# Provided entries:
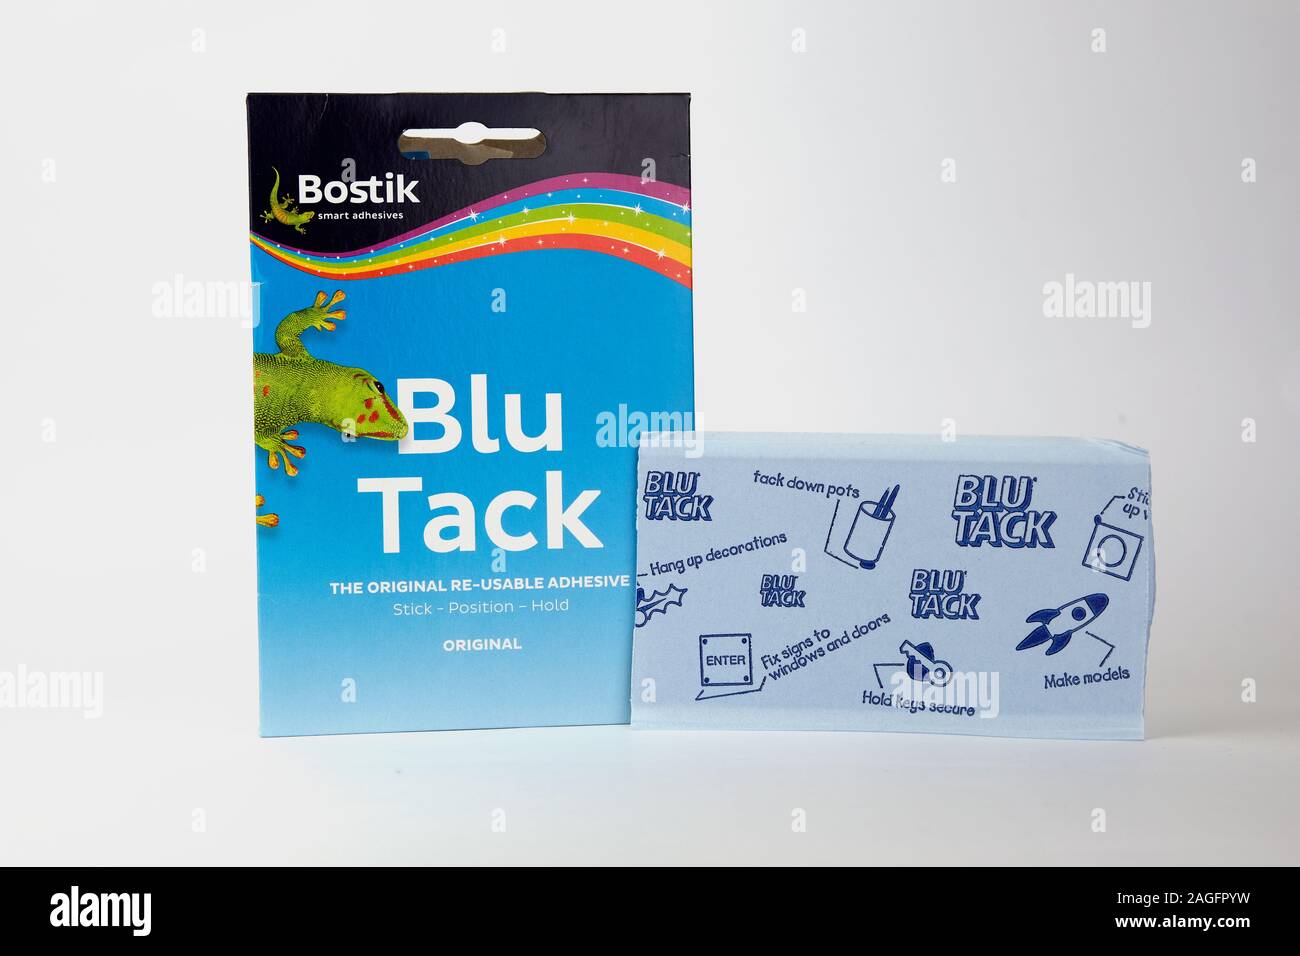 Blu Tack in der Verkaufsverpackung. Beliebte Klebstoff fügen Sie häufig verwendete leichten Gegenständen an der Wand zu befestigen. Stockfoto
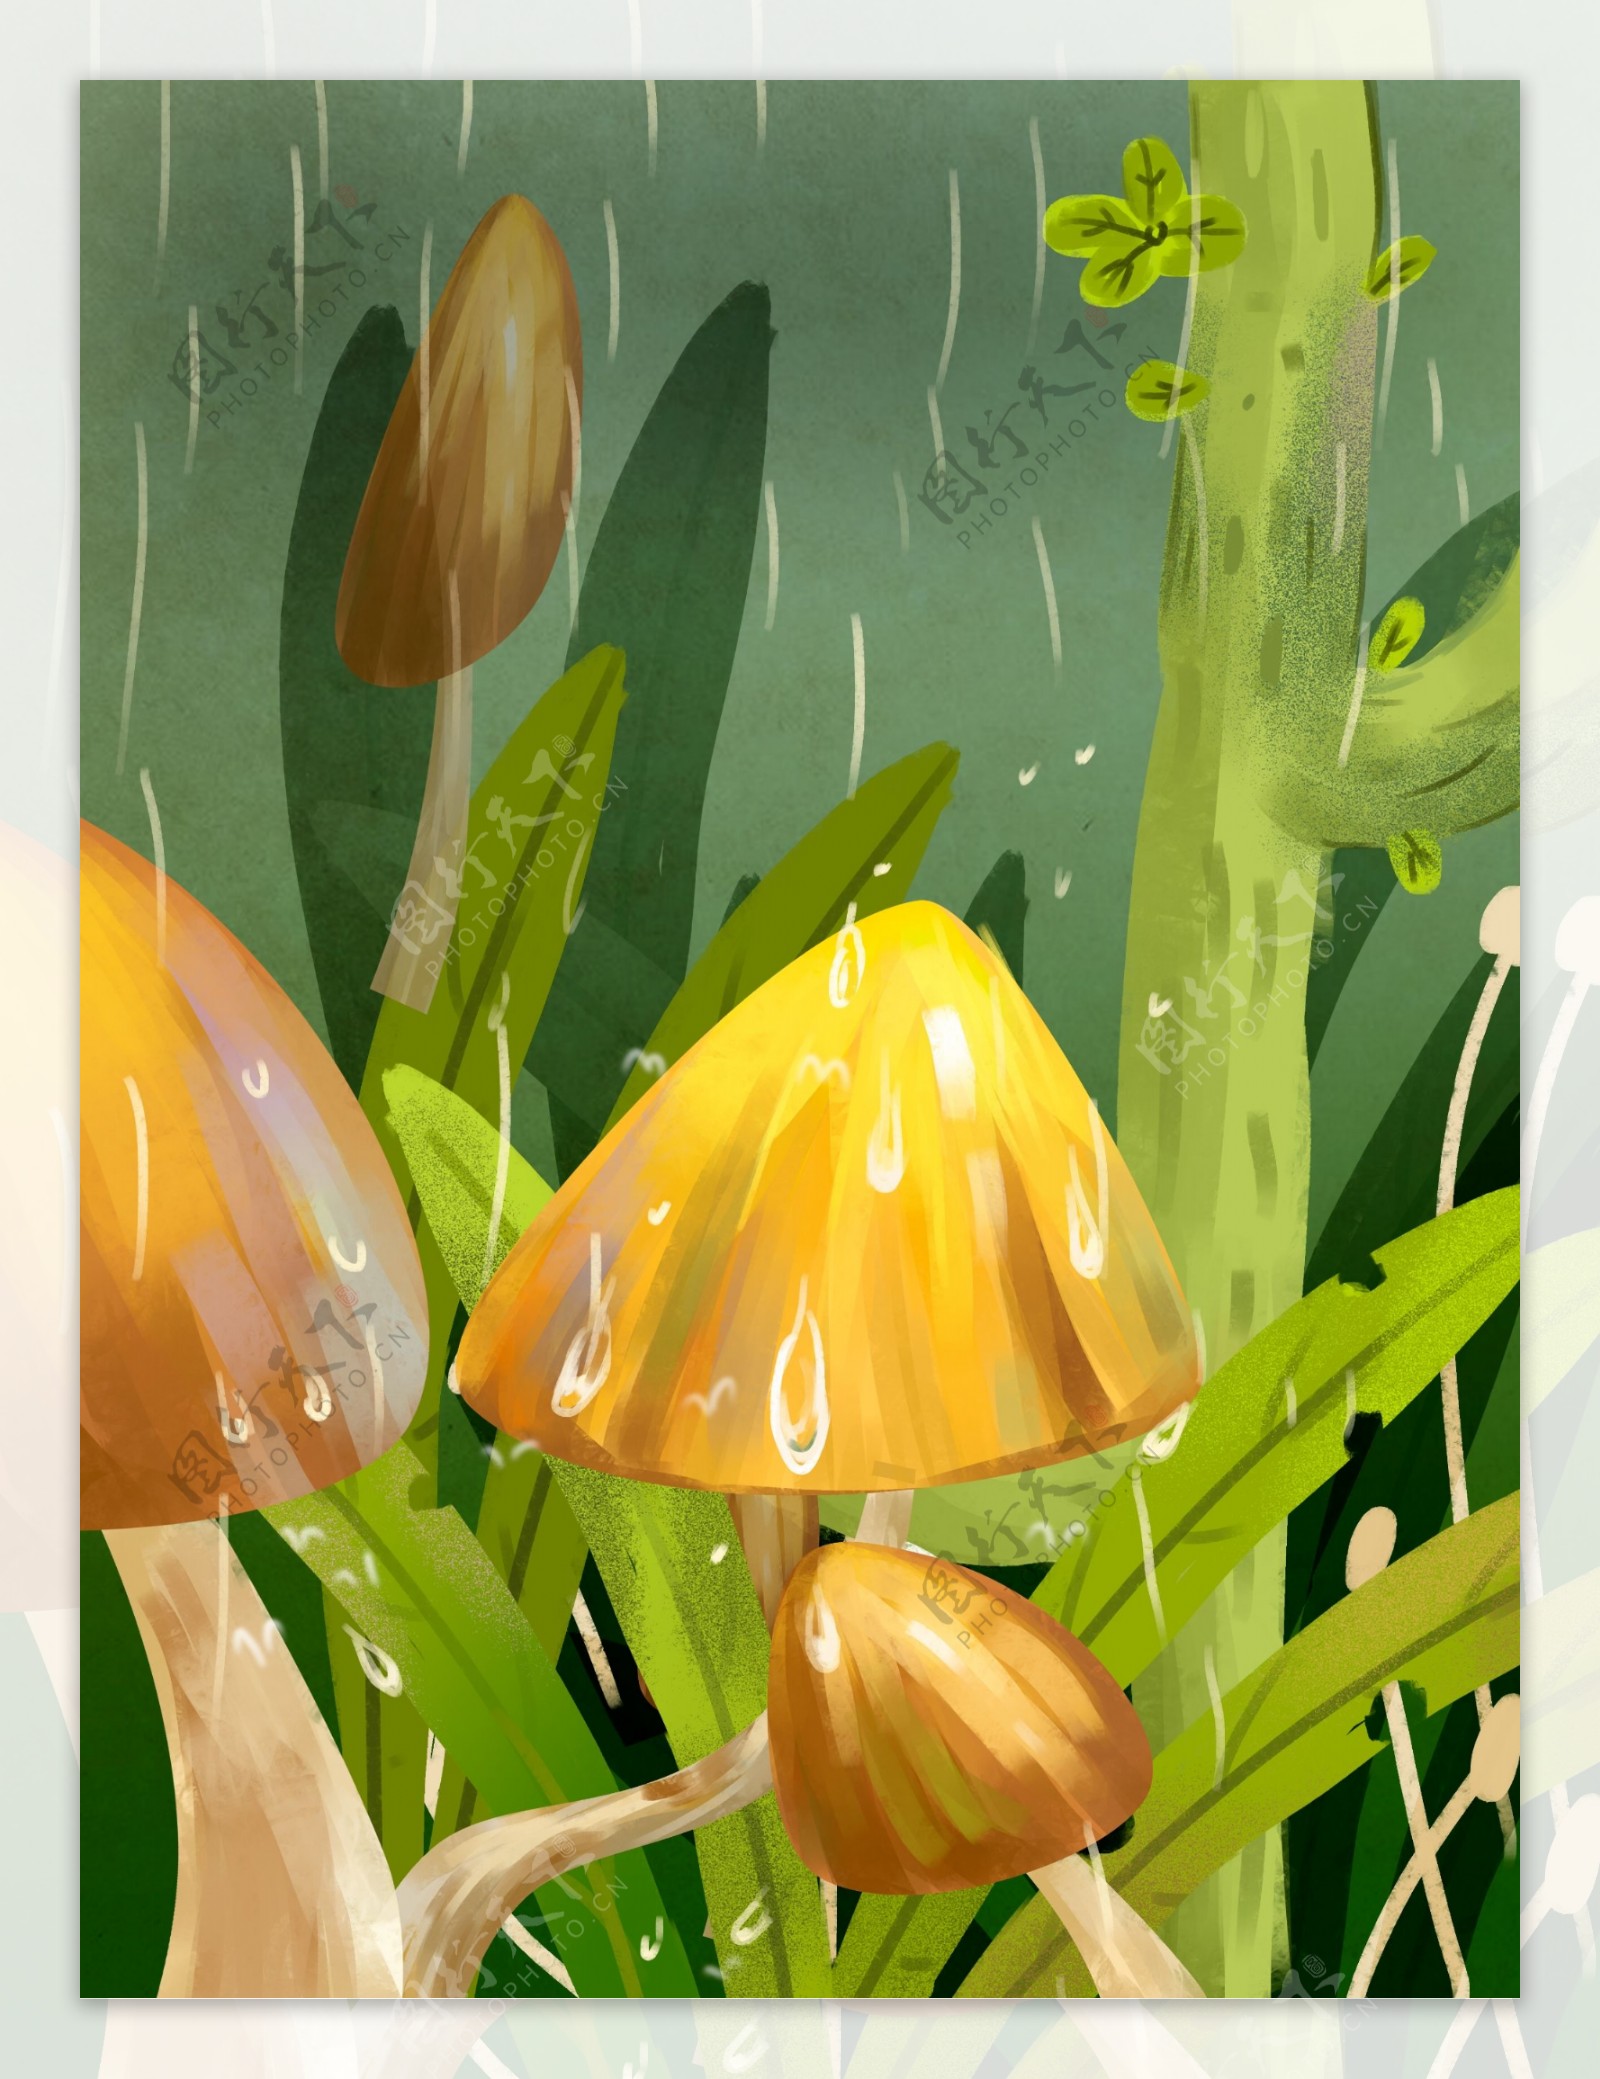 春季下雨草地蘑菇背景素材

==

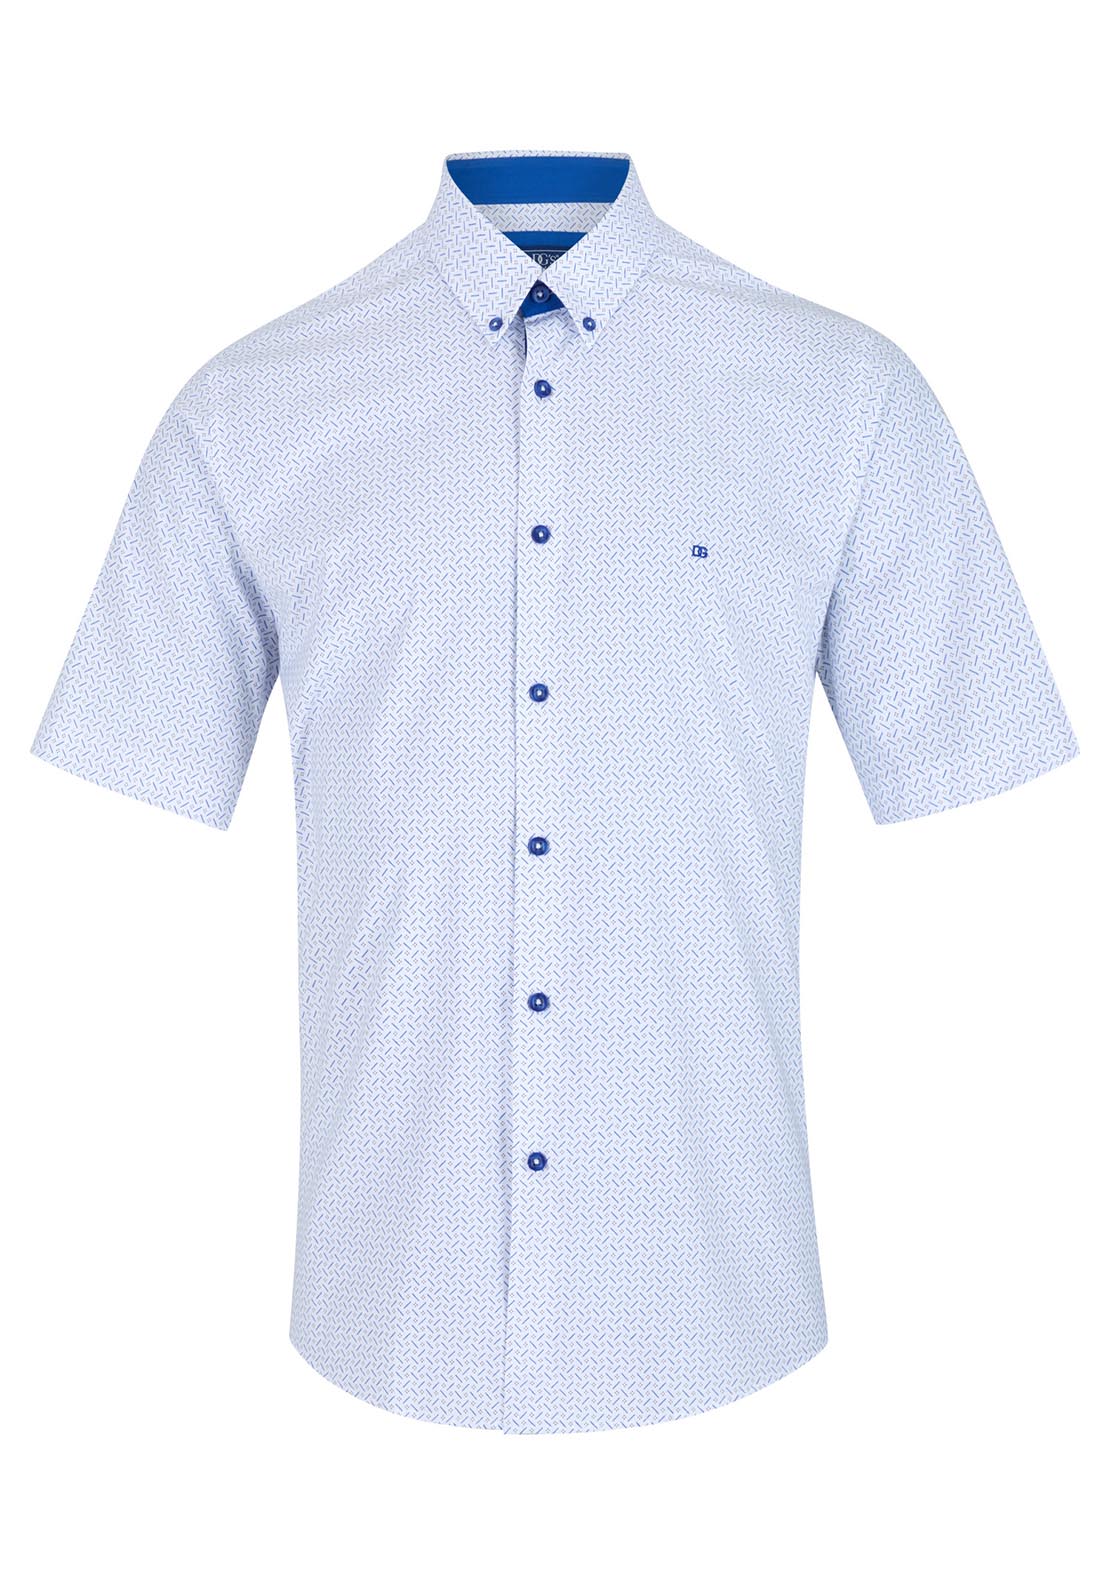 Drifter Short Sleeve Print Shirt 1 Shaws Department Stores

# Problem to solve:
What you write must match the listing exactly, from the line with "Blu Tack in" up to and including the line with "春季下雨草地蘑菇背景素材". Pictures stay out.

# Solution to this problem:
 Blu Tack in der Verkaufsverpackung. Beliebte Klebstoff fügen Sie häufig verwendete leichten Gegenständen an der Wand zu befestigen. Stockfoto
 春季下雨草地蘑菇背景素材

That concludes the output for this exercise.